# What you should do
Print the entire listing below word for word, excluding its pictures.

# Dataset excerpt
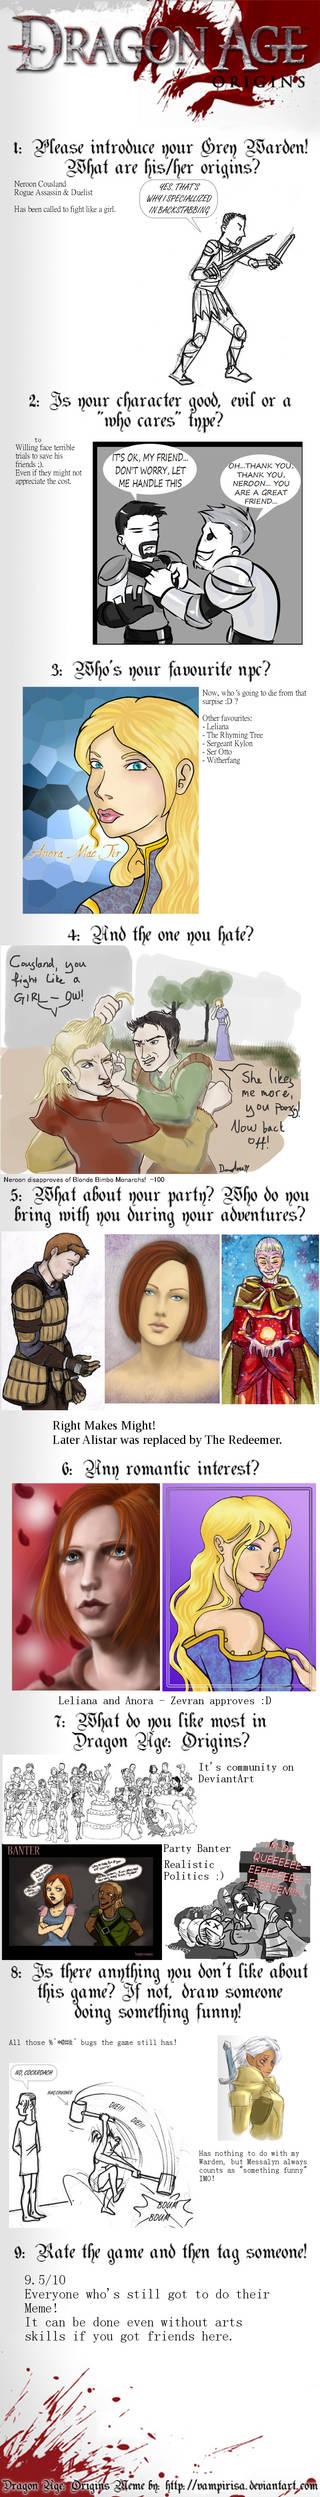 Dragon Age Meme
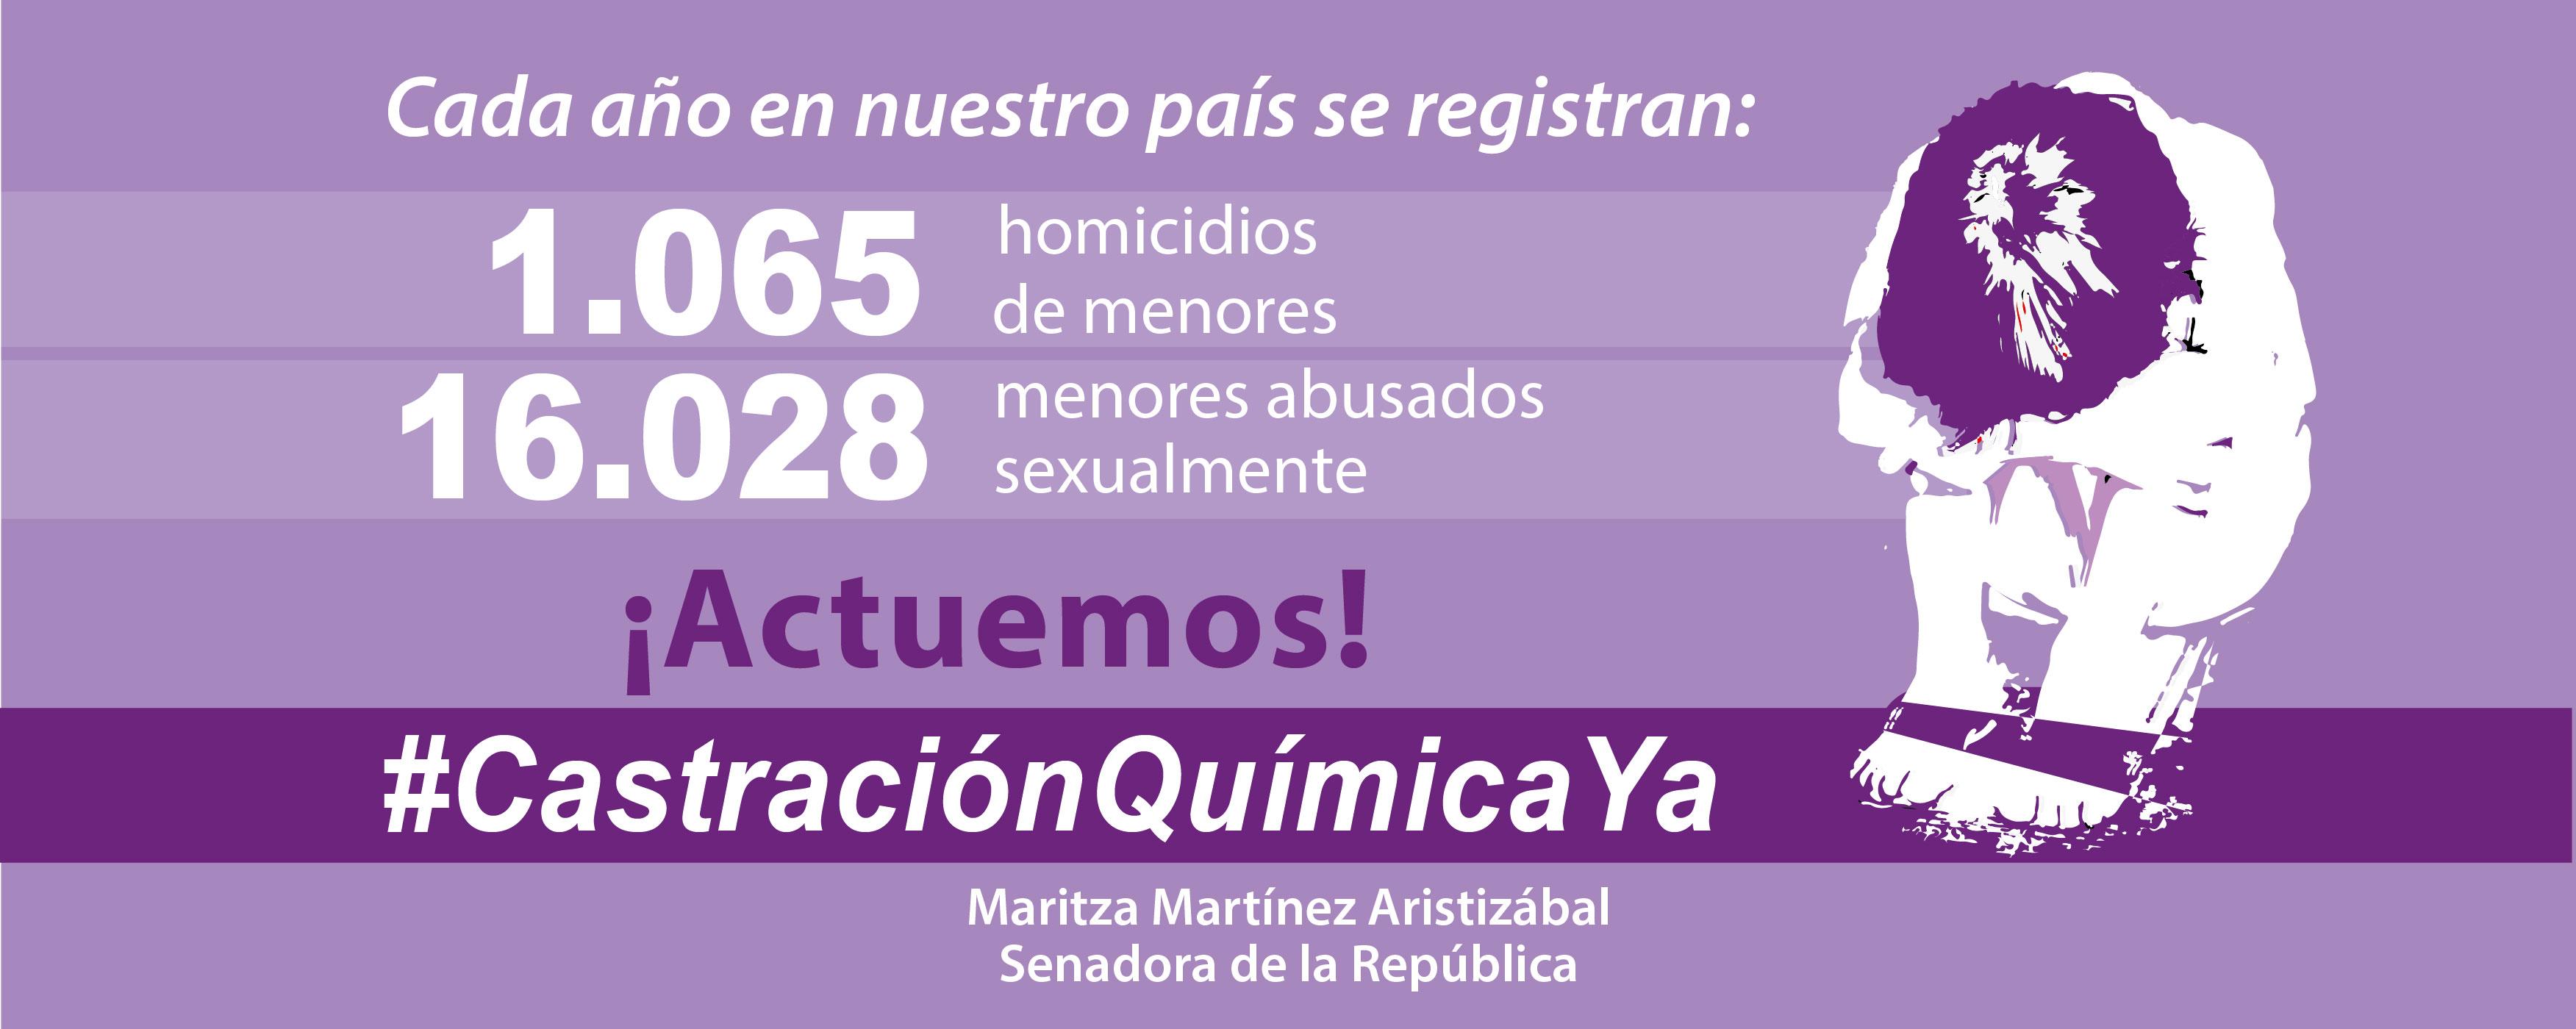 #CastraciónQuímicaYa
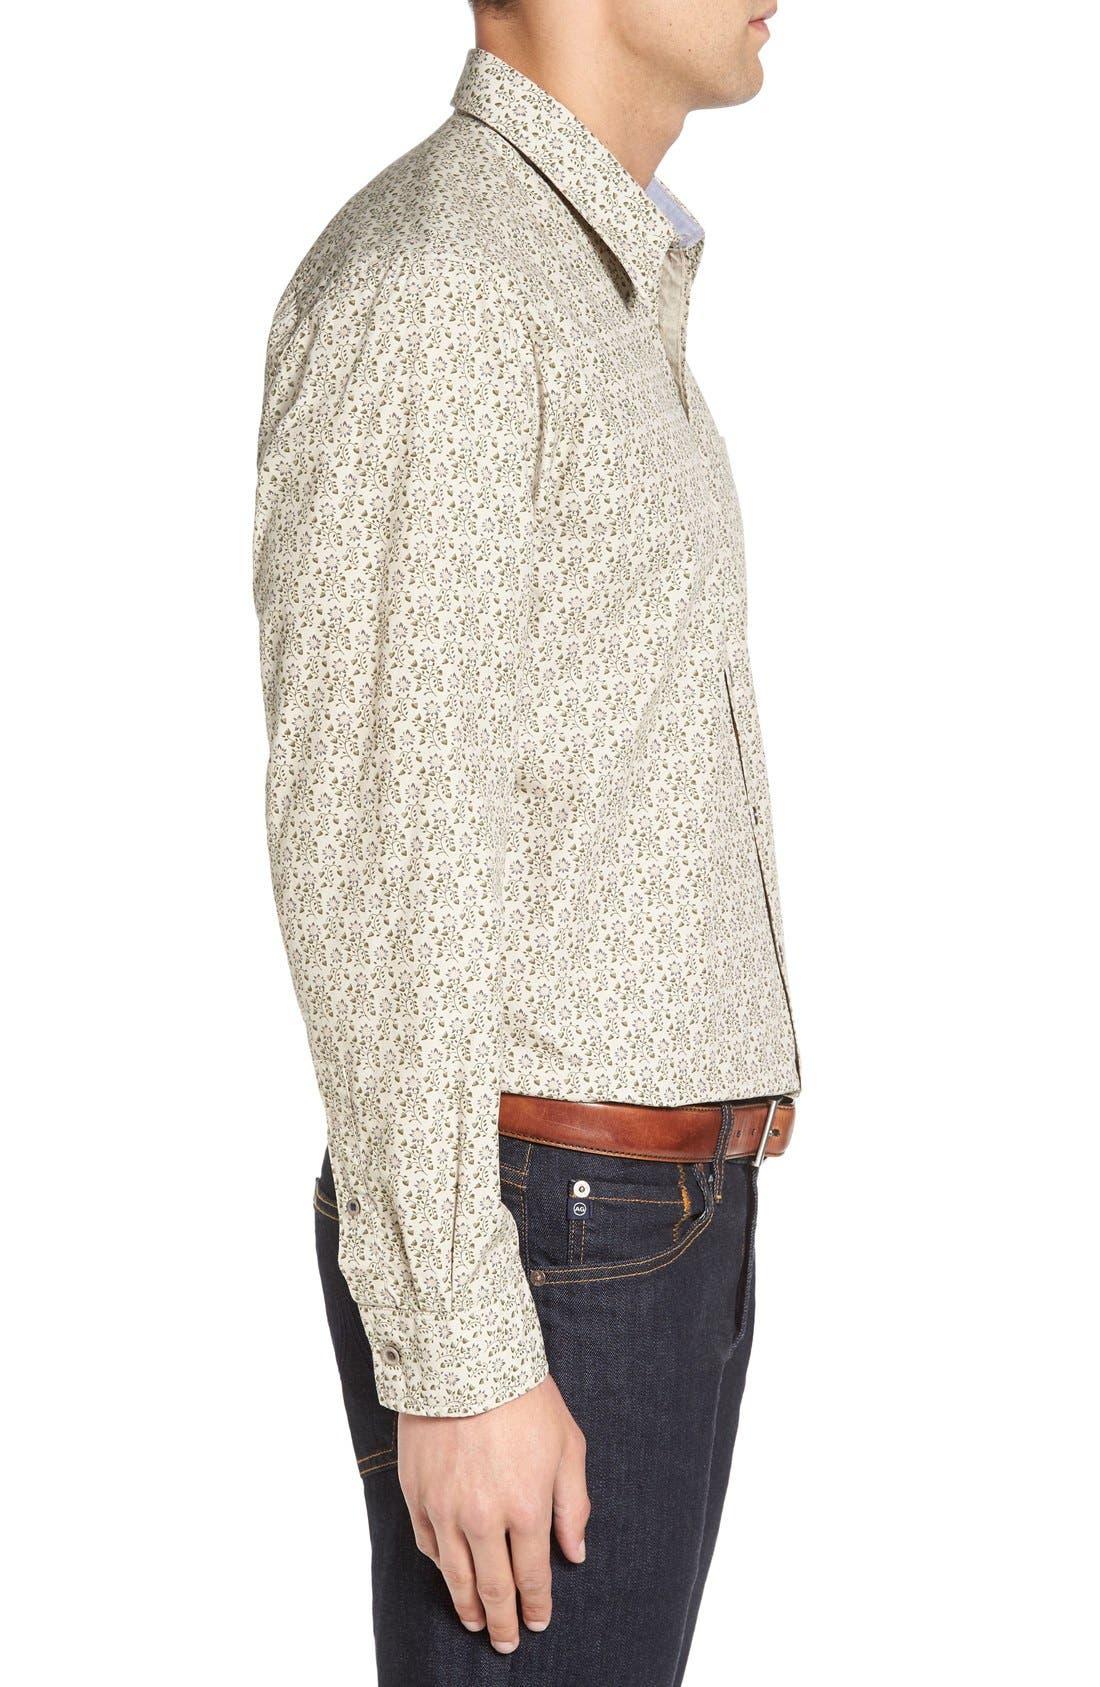 Alternate Image 3  - Cutter & Buck 'Winston' Regular Fit Print Sport Shirt (Big & Tall)

# Output of the task
 Dragon Age Meme
 #CastraciónQuímicaYa
 Alternate Image 3  - Cutter & Buck 'Winston' Regular Fit Print Sport Shirt (Big & Tall)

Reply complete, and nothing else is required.